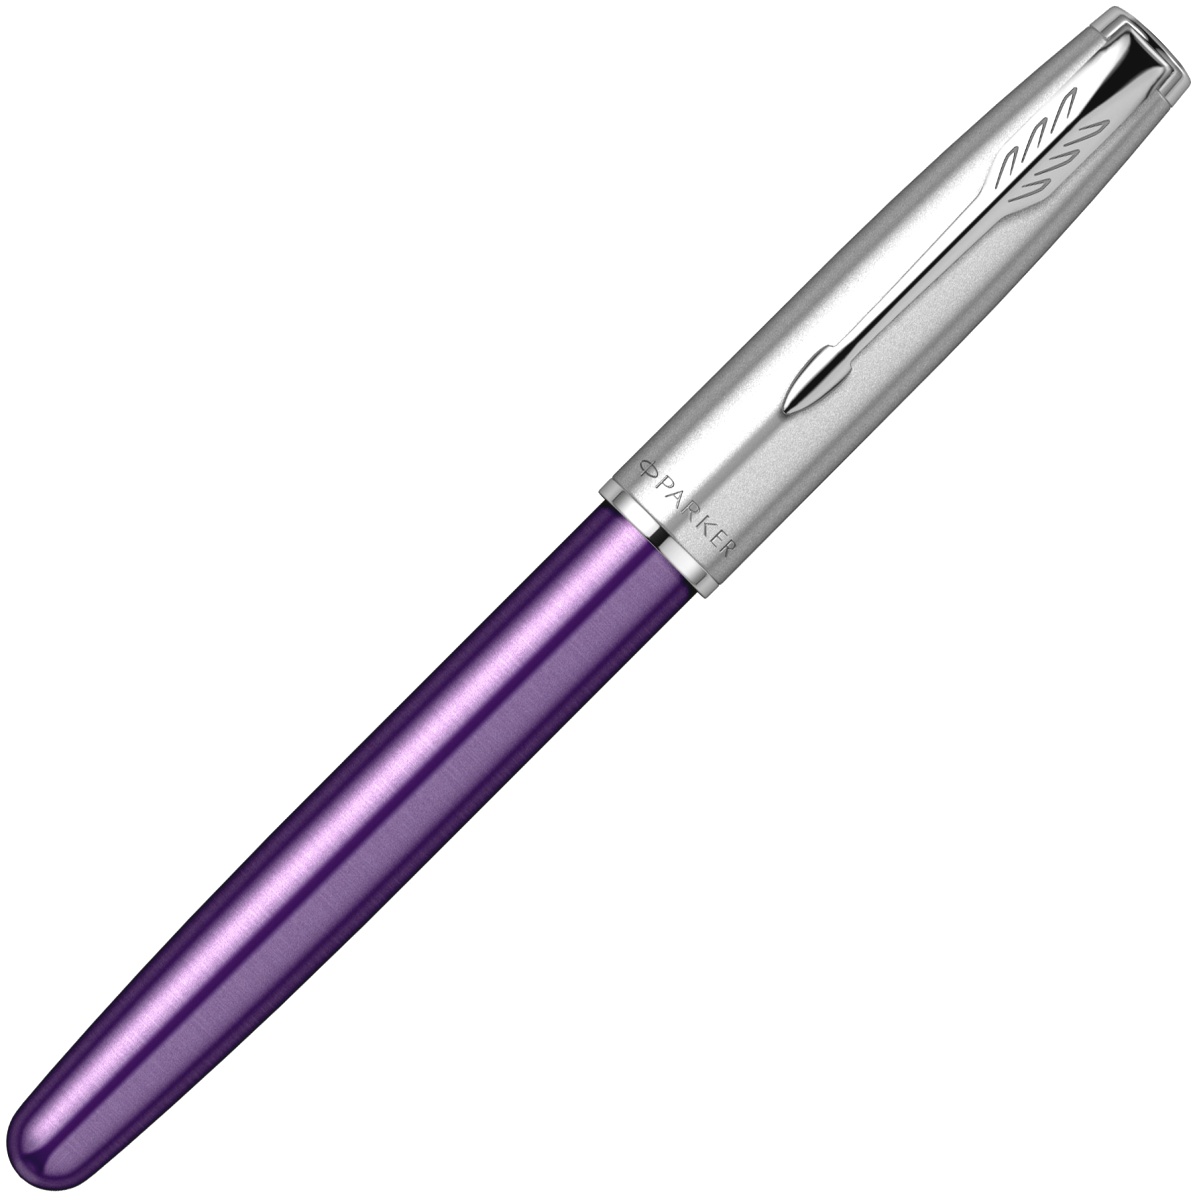  Ручка перьевая Parker Sonnet Essential SB F545, Violet CT (Перо F), фото 4
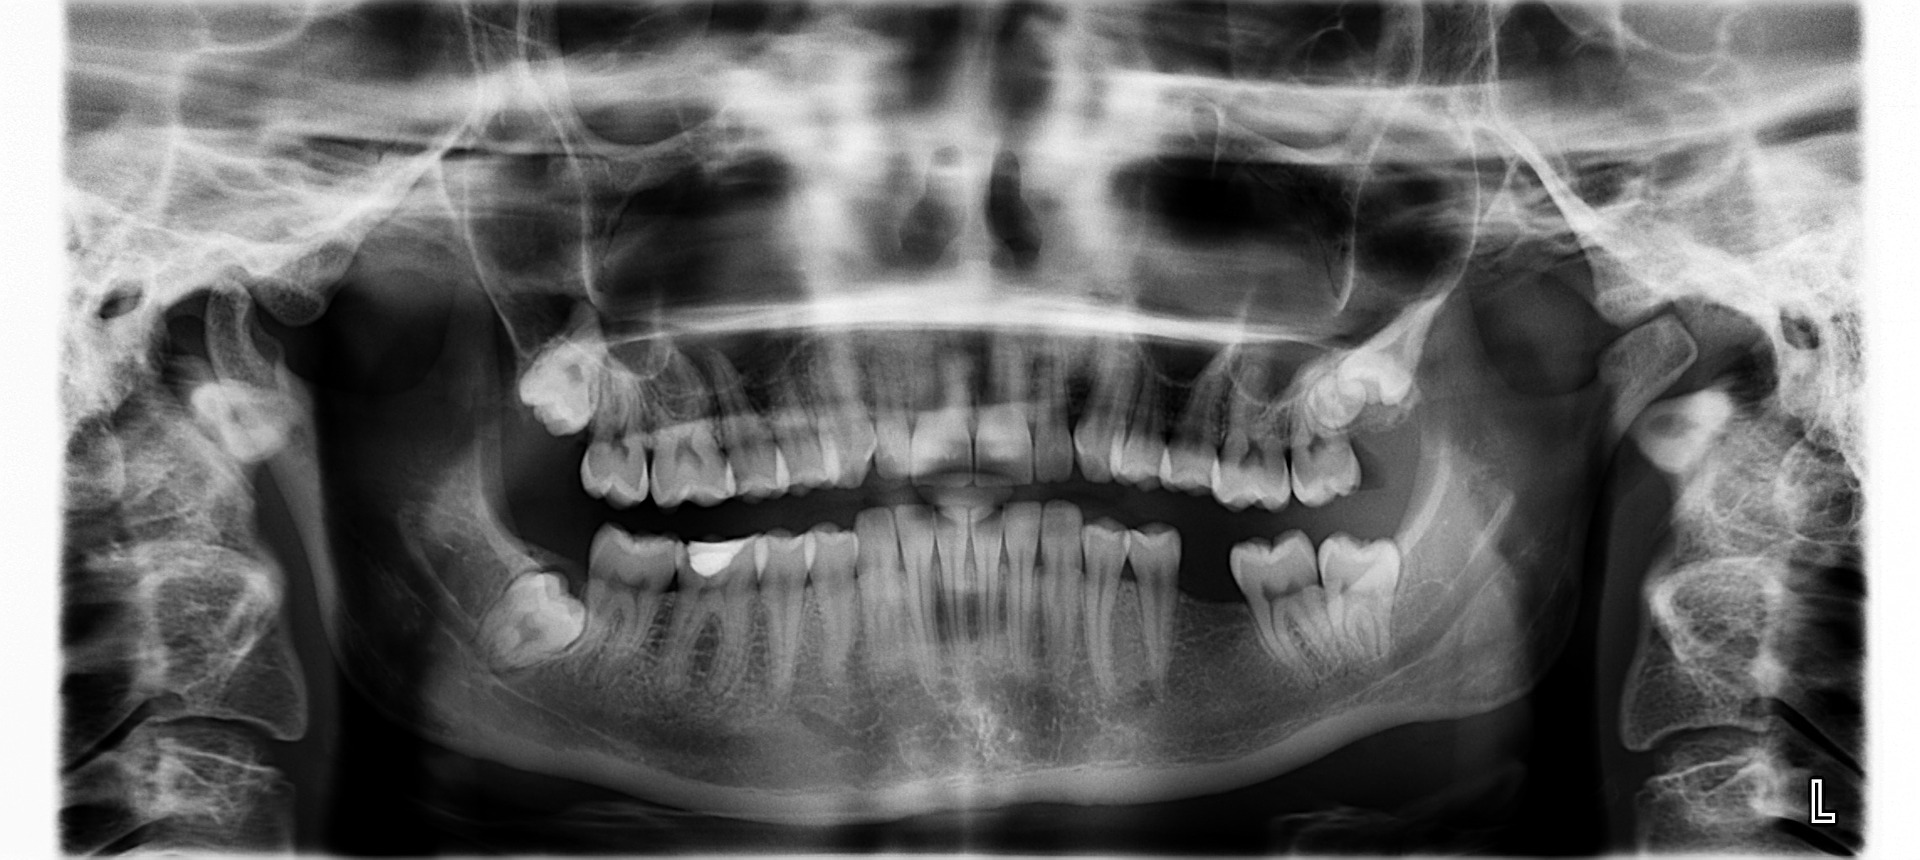 Jak wygląda RTG zęba?
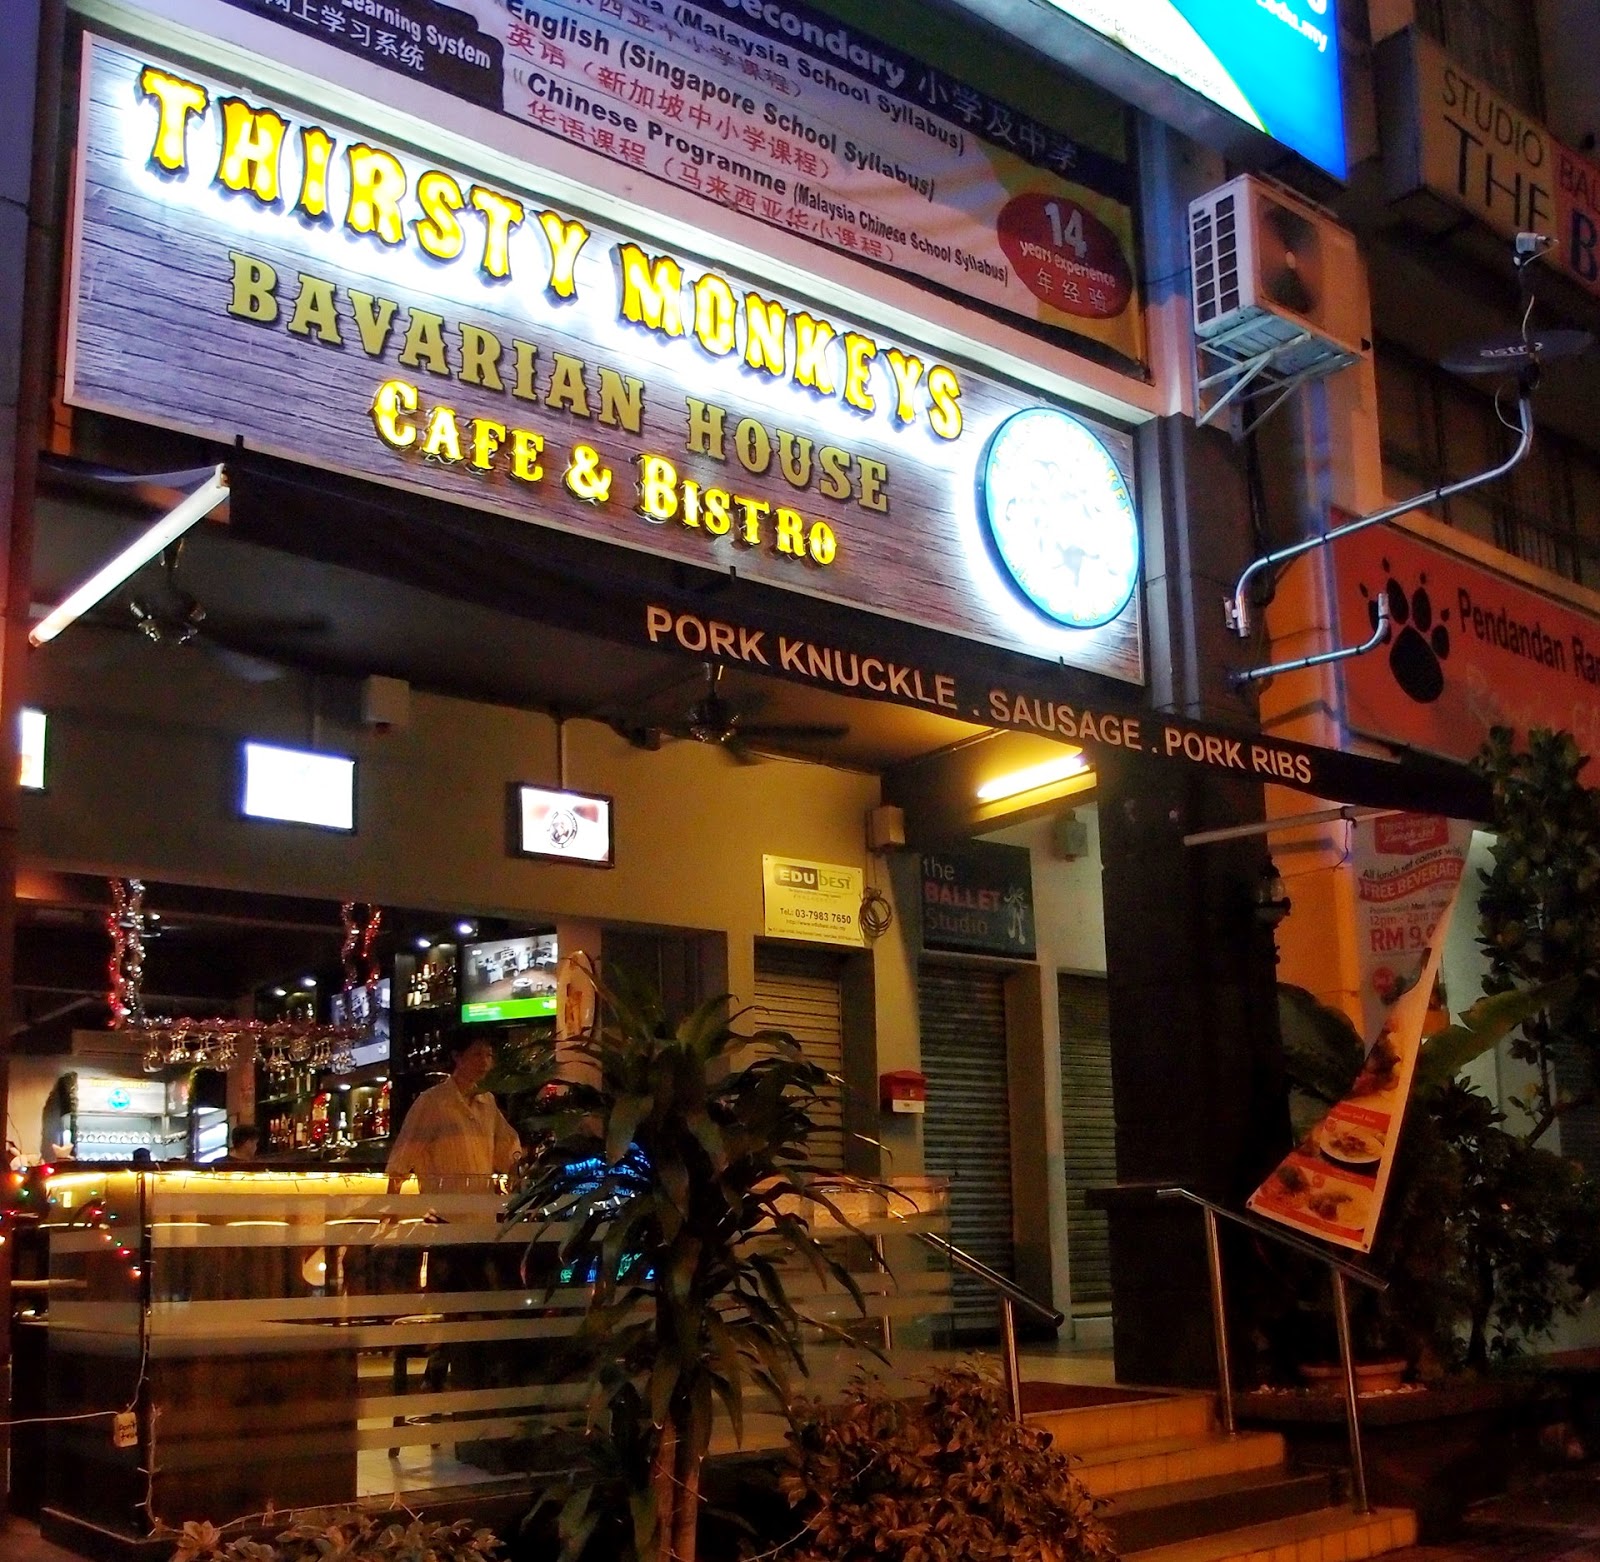 Best Restaurant To Eat: Thirsty Monkeys Café & Bistro Taman Desa Old

* _TASK BRIEF_
Could you reproduce the listing above word for word while leaving out its pictures?

* _RESPONSE_
  Ручка перьевая Parker Sonnet Essential SB F545, Violet CT (Перо F), фото 4
 Jak wygląda RTG zęba?
 Best Restaurant To Eat: Thirsty Monkeys Café & Bistro Taman Desa Old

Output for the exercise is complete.